Strumenti Utente

Strumenti Sito


grid:mpiprogramming

MPI programming

Main implementations

mpich

MPICH is a MPI library developed at Argonne National Laboratory (ANL) www.mcs.anl.gov/mpi/

The original implementation of MPICH is called MPICH1 and it implements the MPI-1.1 standard. The latest implementation is called MPICH2 and it implements the MPI-2.0 standard.

There is a different distribution for each network interconnection type: MPICH for MPI communication over TCP/IP, MPICH-MX for communication over Myrinet and MVAPICH for InfiniBand.

OpenMPI

OpenMPI http://www.open-mpi.org/ is an MPI library project combining technologies and resources from several other projects (FT-MPI, LA-MPI, LAM/MPI, and PACX-MPI).
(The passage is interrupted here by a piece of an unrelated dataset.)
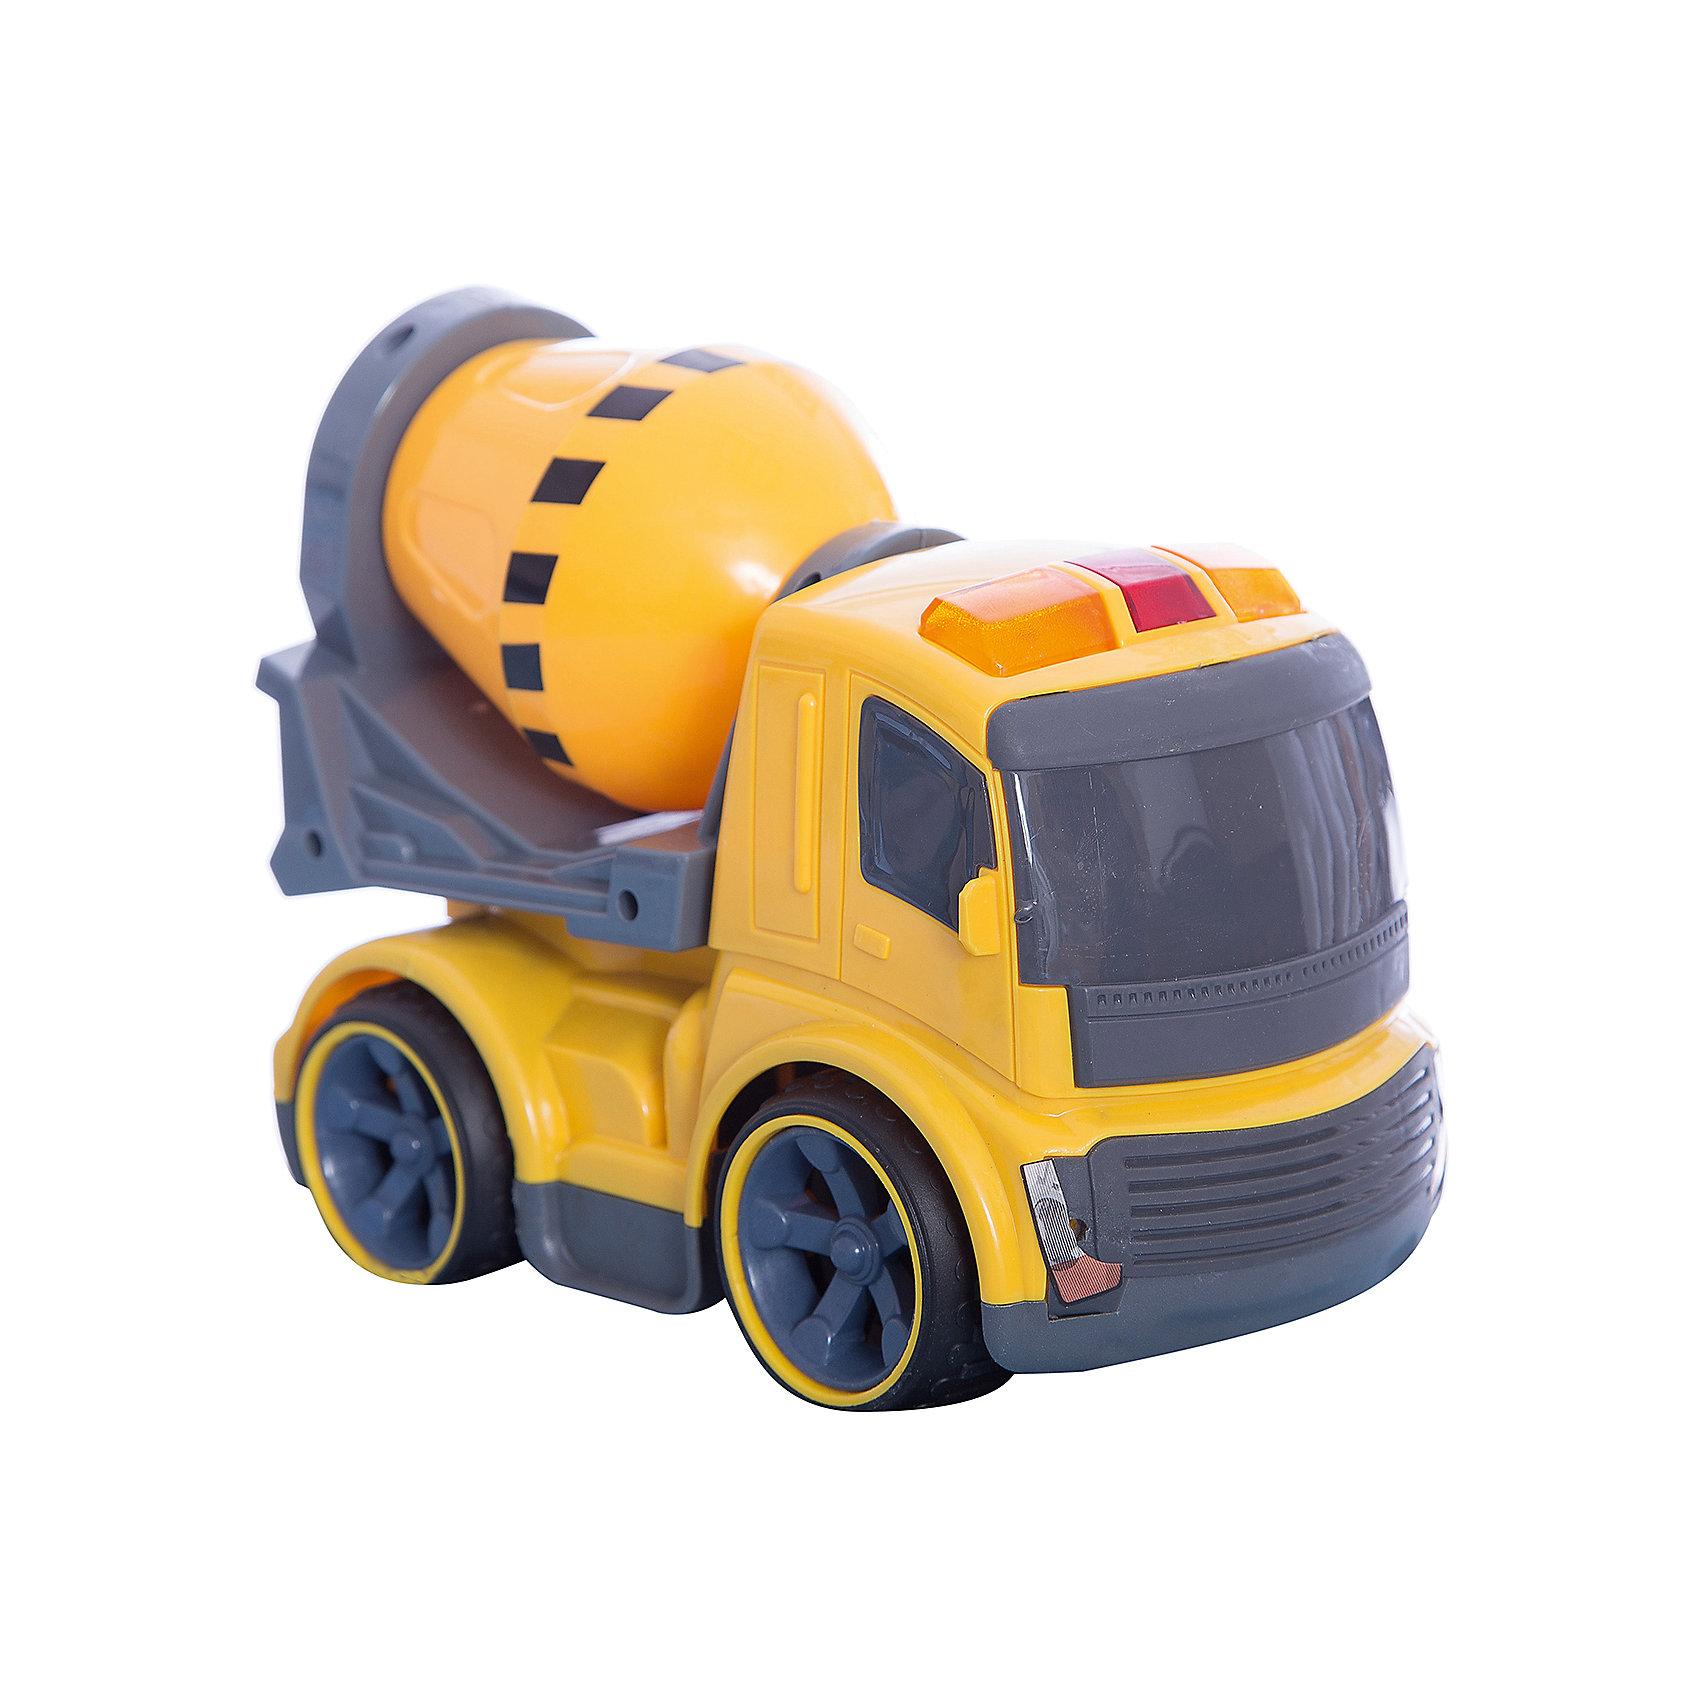 Машинка инерционная Бетономешалка, Blue SeaМашинки<br>Машинка инерционная Бетономешалка, Blue Sea (Блу Сии).<br><br>Характеристики:<br><br>- Цвет: желтый.<br>- Состав: пластик, металл.<br>- Инерционная игрушка.<br><br>Машинка Бетономешалка, Blue Sea (Блу Сии) - .это  инерционная игрушка из серии «Спецтехника». У данной модели четко проработаны детали.  Ваш малыш сможет легко придумывать сценарии к сюжетным играм. Игрушка выполнена из качественных сертифицированных материалов.<br><br>Машинку инерционную Бетономешалка, Blue Sea (Блу Сии), можно купить в нашем интернет - магазине.<br><br>Ширина мм: 240<br>Глубина мм: 140<br>Высота мм: 180<br>Вес г: 460<br>Возраст от месяцев: 36<br>Возраст до месяцев: 2147483647<br>Пол: Мужской<br>Возраст: Детский<br>SKU: 5419358

The Open MPI library detects the local environment during initialization of each process, and will use the fastest communication type to deliver messages (e.g. Infiniband, tcp, shared-memory).

mpi-selector

In case of different MPI flavours installed on a cluster, the mpi-selector tool sets up your mpi environment for you and sets paths correctly. Example:

mpi-selector --list
mpi-selector --set openmpi_gcc-1.4.1 

The following openmpi command will show the available kinds of networks (btl - Byte Transfer Layer)

> ompi_info | grep btl
       MCA btl: openib (MCA v2.0, API v2.0, Component v1.4.1) #Infiniband
       MCA btl: self (MCA v2.0, API v2.0, Component v1.4.1)   #loopback
       MCA btl: sm (MCA v2.0, API v2.0, Component v1.4.1)     #Shared memory
       MCA btl: tcp (MCA v2.0, API v2.0, Component v1.4.1)    #tcp
mpirun

The paradigm for writing mpi applications is SPMD (Single Program Multiple Data): N instances (processes) of the same program are executed on different nodes.

mpirun is the command executed on a “launch host” to start the remote processes via ssh (or rsh).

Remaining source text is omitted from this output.